Arroz Petit Poá

Corria o ano de 1976. Eu tinha 12 anos, e começava a fazer uma série de descobertas sobre mim, sobre o mundo, sobre os outros e, claro, sobre as garotas. Meu pai tinha um almoço de negócios no restaurante do hotel Plaza São Rafael, e me convidou para ir junto. Coloquei minha roupa domingueira (afinal, era um restaurante chique e eu não podia deixar meu pai mal na frente de seu cliente), com a ajuda de um pote de Gumex penteei o cabelo repartido perto da orelha até que ele ficasse durinho e colado no couro cabeludo (o vinco das cerdas do pente quase podia ser visto no topo da minha cabeça), coloquei meu melhor par de guídis, uma calça boca de sino e uma camisa estampada estilo havaiana, parecida com as que o Tom Selleck usaria na série Magnum alguns anos depois. Sentei no banco do carona no Dodginho Polara e fui com o meu pai para desfrutar de uma aventura gastronômica.

Chegamos, sentamos, e esperamos um pouco até o cliente dele chegar. Quando entrou no salão e cumprimentou meu pai percebi que não tinha vindo sozinho: estava acompanhado de uma bela menina (vá lá, nem tão bela assim, mas naquela época e naquela idade em que os meninos estavam descobrindo o sexo oposto, a classificação variava entre linda, bonita, bonitinha e mais ou menos), que ele apresentou como sua filha. Dei-lhe o meu melhor olhar, sorri com o canto da boca e sentei.
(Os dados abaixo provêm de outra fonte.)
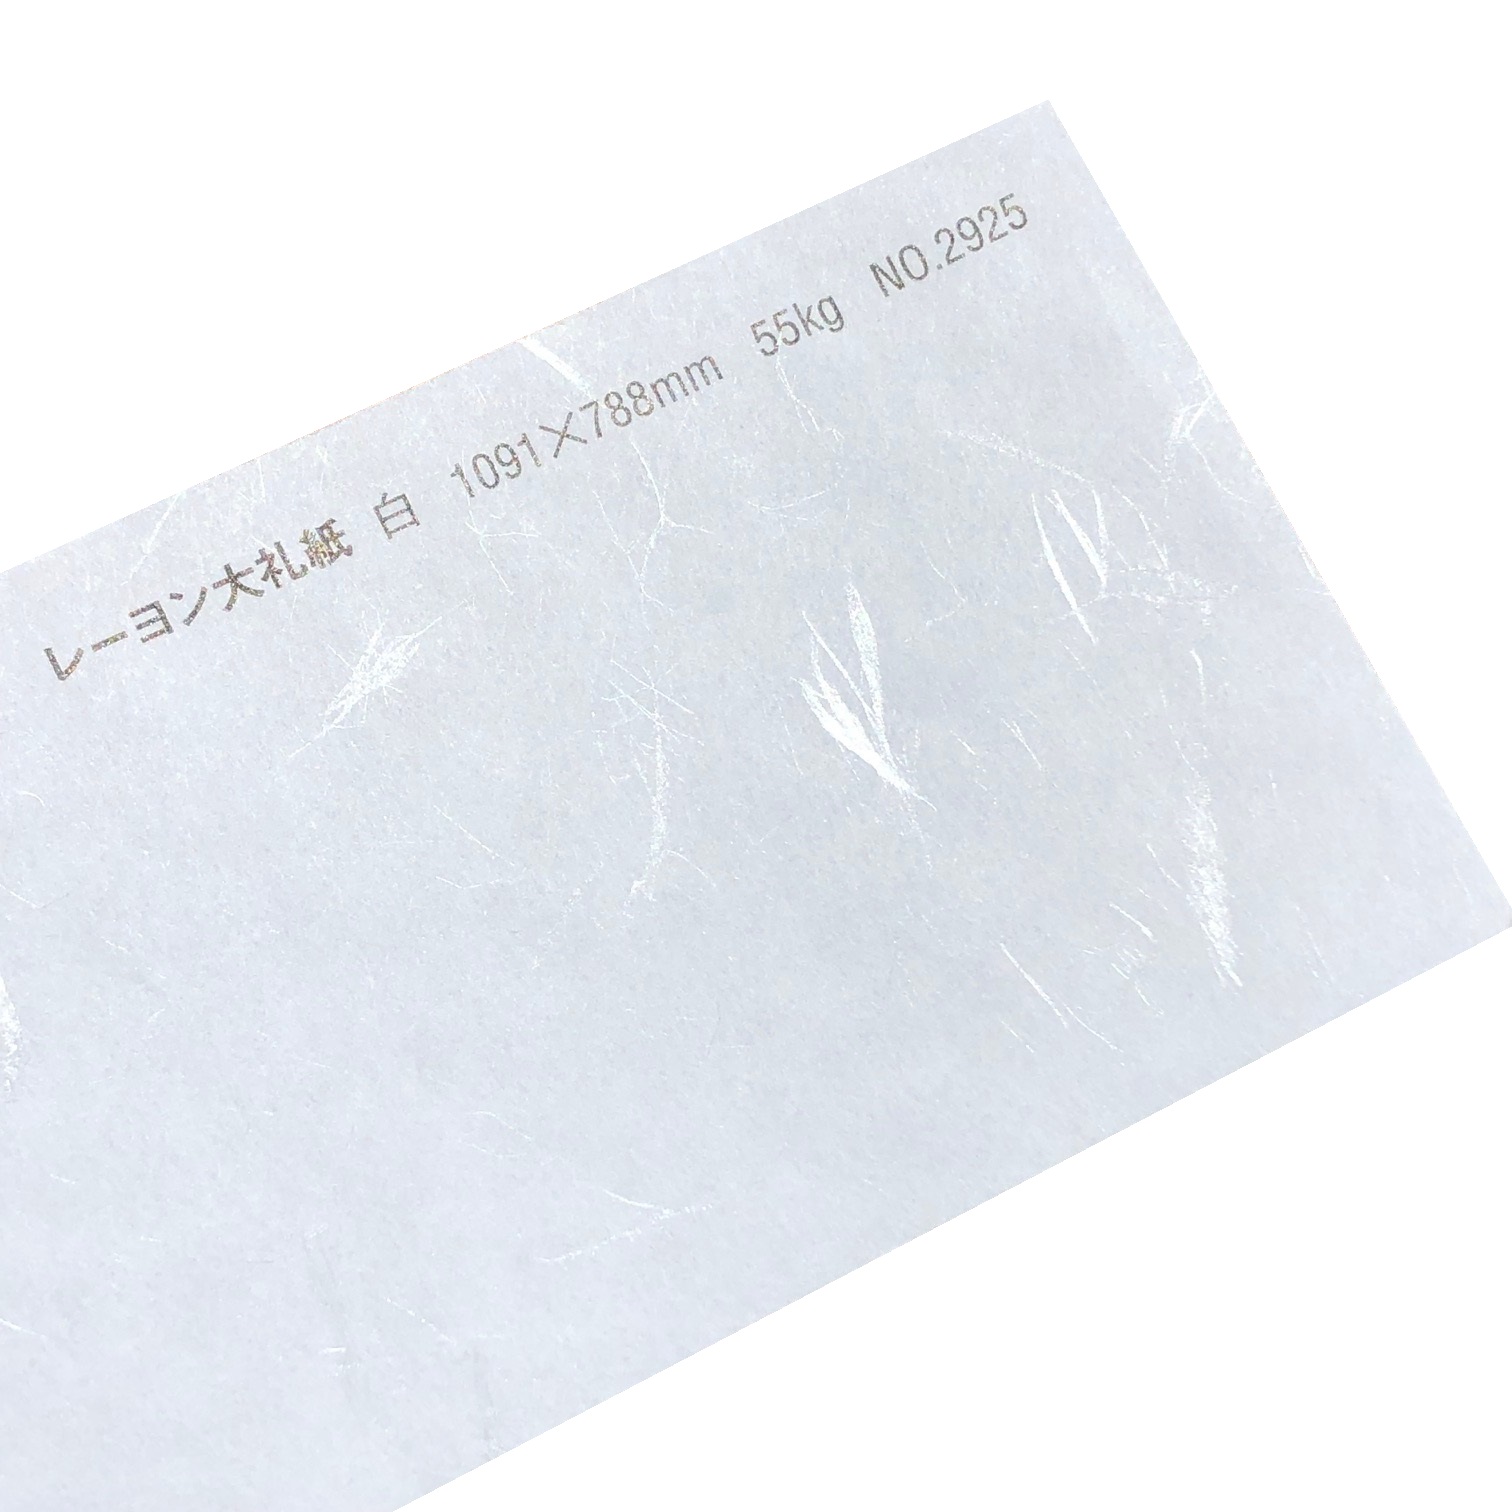 レーヨン大礼紙 55kg(0.10mm) 和紙 No.2925 商品画像

O almoço prometia!

Veio o garçom, trouxe os menus, e eu fiquei fazendo aquela cara de guri sério, compenetrado, tentando escolher um dos pratos do cardápio com o único objetivo de impressionar minha musa (sim, ela já era minha musa, afinal já havíamos passado quase cinco minutos a menos de três metros um do outro e trocáramos dois ou três olhares). Quando o garçom inclinou-se para mim, bloco de pedidos numa mão e caneta na outra, dei uma última olhada no cardápio, fechei e o entreguei, dizendo:

– Arroz Petit Poá, por favor.

Coloquei a mão no queixo e dei uma olhada para a menina, dizendo em silêncio “Veja como eu sou sofisticado, beibi, sou realmente o tipo de cara que teu pai quer para chamar de genro”. Quase dei uma piscadinha, mas o pai dela era bem grande, e cada mão parecia uma raquete de tênis. Achei preventivo evitar um tapa na orelha, e afinal de contas agora ele já sabia que não estava lidando com qualquer garoto, eu era um cara que comia arroz petit poá no restaurante do Plaza São Rafael durante o almoço, maibói.

Ficamos ali alguns minutos, eu bebericando minha Coca-Cola e imaginando que este arroz petit poá deveria ser um troço muito sofisticado, com nome francês e tudo o mais. Imaginei aves exóticas bem assadas, rodeadas de um arroz temperado com as mais finas especiarias (é, eu estava na sexta série e sabia que este negócio de especiarias era quente, os caras deram a volta no mundo para trazê-las das Índias e tal), talvez uns legumes exóticos decorando tudo… Enfim, grandes expectativas, sorrisos discretos, e um olho na mão do cara em busca de movimentos suspeitos em direção a minha orelha.

Até que o garçom chegou e começou a colocar os pratos um a um na frente das pessoas. Deixou-me por último, e quando ele levantou o domo de aço inox que cobria o meu prato eu finalmente me deparei… com um prato de arroz com ervilhas! Ervilhas! Arroz e ervilhas! Nada além de arroz com ervilhas!

Não sei se consegui disfarçar minha frustração, mas a vontade que eu tinha era de sumir dali. Pior: comi e ainda fiquei com fome, porque era um quase nada de arroz misturado num quase nada de ervilhas.

Nunca mais vi a menina, nem o pai dela. E ela nem era tão bonita assim, afinal de contas.

Naquele dia a vida começou a me ensinar uma lição que eu ainda iria levar algumas décadas para aprender: ter humildade para admitir o que eu não sei, e perguntar sempre que tiver dúvidas.

E, se ninguém sabe tudo, pelo menos todo mundo sabe alguma coisa.

Aquele garçom certamente sabia o que era um arroz petit poá, mas aquele menino metido ainda tinha um longo aprendizado a percorrer.